Dans ces conditions, au cours des années 1990 et dans la première partie des années 2000, les groupes bancaires coopératifs français ont connu une croissance externe impressionnante. La Caisse d'Épargne acquiert par exemple la banque d'investissement Ixis, puis la Banque San Paolo, le rehausseur de crédit américain CIFG et le promoteur immobilier Nexity. Le Crédit Agricole a racheté le Crédit Lyonnais, Sofinco et Finaref, et renforcé ses positions en Europe du sud. Le Crédit mutuel a acquis le CIC en 1998 puis plus récemment Cofidis et deux réseaux du groupe Citibank en Allemagne et en Belgique. Autant d'acquisitions qui donnent un poids croissant à la structure de tête. De son côté, la Banque fédérale des banques populaires prend le contrôle de la banque d'affaires Natexis en 1998. Le mouvement de concentration atteint son point culminant quand les deux groupes coopératifs décident de rapprocher Natexis et Ixis en créant Natixis. La filiale commune est alors numéro français de la gestion d'actifs et troisième assureur crédit du monde au travers de CIFG.

Au total, tous les groupes bancaires coopératifs français, au terme de ce processus, se sont développés et transformés, en s'ouvrant, et pour d'autres sont devenus des groupes qu'on pourrait qualifier d'hybrides30(*), détenant des ?liales contrôlées au niveau central et tournés vers une activité de « banque universelle ».

Une telle évolution pose cependant la question de la compatibilité de ces ensembles hétérogènes avec le socle coopératif historique : quelle incidence sur les droits et la place des sociétaires ? Quel impact sur la cohésion des objectifs du groupe et sur la répartition de la valeur créée ? De fait, la présence de filiales SA cotées en Bourse introduit un con?it d'intérêts potentiel entre les différents apporteurs de capitaux, actionnaires ou sociétaires, les uns ayant un objectif de rentabilité financière, les autres souhaitant maintenir les valeurs coopératives. Le signe le plus frappant de cette banalisation des banques coopératives est leur exposition à la crise des subprimes à partir de 2007, comme l'illustrent les pertes de Natixis et du Crédit agricole.

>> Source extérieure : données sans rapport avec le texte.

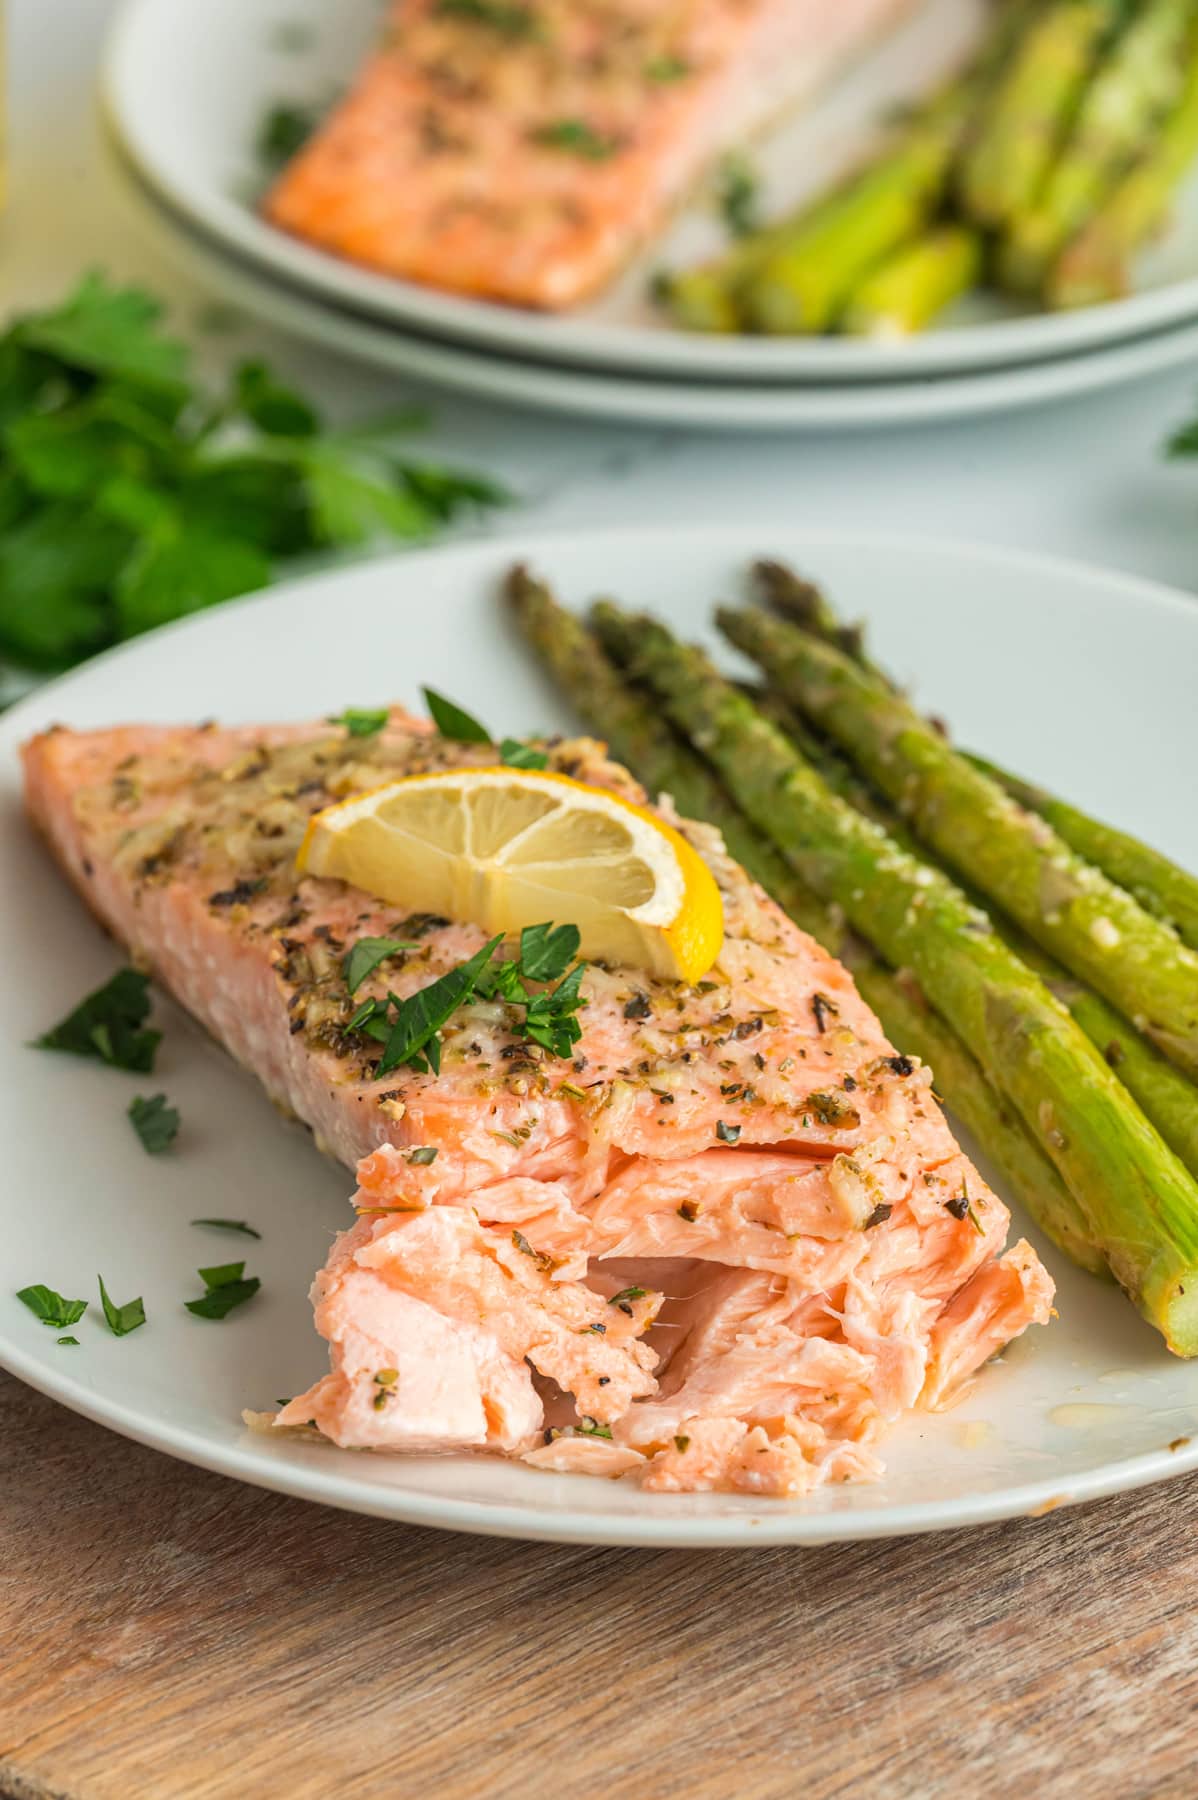 An oven baked salmon filet on a white plate with asparagus

On voit ici une problématique plus large qui touche tout le secteur bancaire, à savoir l'éventuelle séparation des métiers de banque de dépôt et de banque d'investissement. Certains estiment nécessaire de réfléchir à l'idée d'un Glass-Steagall Act adapté au secteur coopératif ou mutualiste et se demandent si la nature coopérative ou mutualiste de ces opérateurs ne devrait pas leur interdire d'opérer sur certaines activités et s'ils ne devraient pas être pionniers sur le financement de certains secteurs ou de certaines activités. Votre rapporteur estime que cette question ne saurait être traitée que dans le cadre d'une réforme plus globale du secteur bancaire français.

En France, les groupes bancaires coopératifs financent trois quart des crédits à l'économie nationale. La spécificité des banques coopératives françaises et leur implication dans le financement des économies régionales, de l'économie nationale mérite une attention soutenue des pouvoirs publics.

Avec un regard rétrospectif, ce qui peut paraître étonnant, c'est que les différentes instances représentatives des sociétaires, pourtant dépositaires des valeurs de la coopération, ont approuvé l'évolution des structures et des missions des groupes coopératifs. Formellement, ce sont bien en effet les instances régionales qui détenaient le pouvoir. On peut se demander néanmoins si l'extraordinaire développement économique des structures centrales et des filiales cotées n'a pas conduit à inverser l'organigramme réel par rapport à l'organigramme théorique, conduisant à « exproprier » les sociétaires du contrôle des groupes.

En tout cas, au regard des années récentes, se pose de fait la question de la gouvernance des banques coopératives : ne faudrait-il pas la recentrer sur les valeurs et les finalités coopératives tout en sachant que le problème est complexe (si les banques françaises se retirent de la haute finance, ce sont les banques anglo-saxonnes qui récupèreront leurs parts de marché, ce qui n'est guère envisageable !).


* 30 Voir : Jean-Noël ORY, Emmanuelle GURTNER et Mireille JAEGER; « Les enjeux des mutations récentes des groupes bancaires coopératifs français » ; Revue internationale de l'économie sociale RECMA n° 301 (juillet 2006), pp 8-25.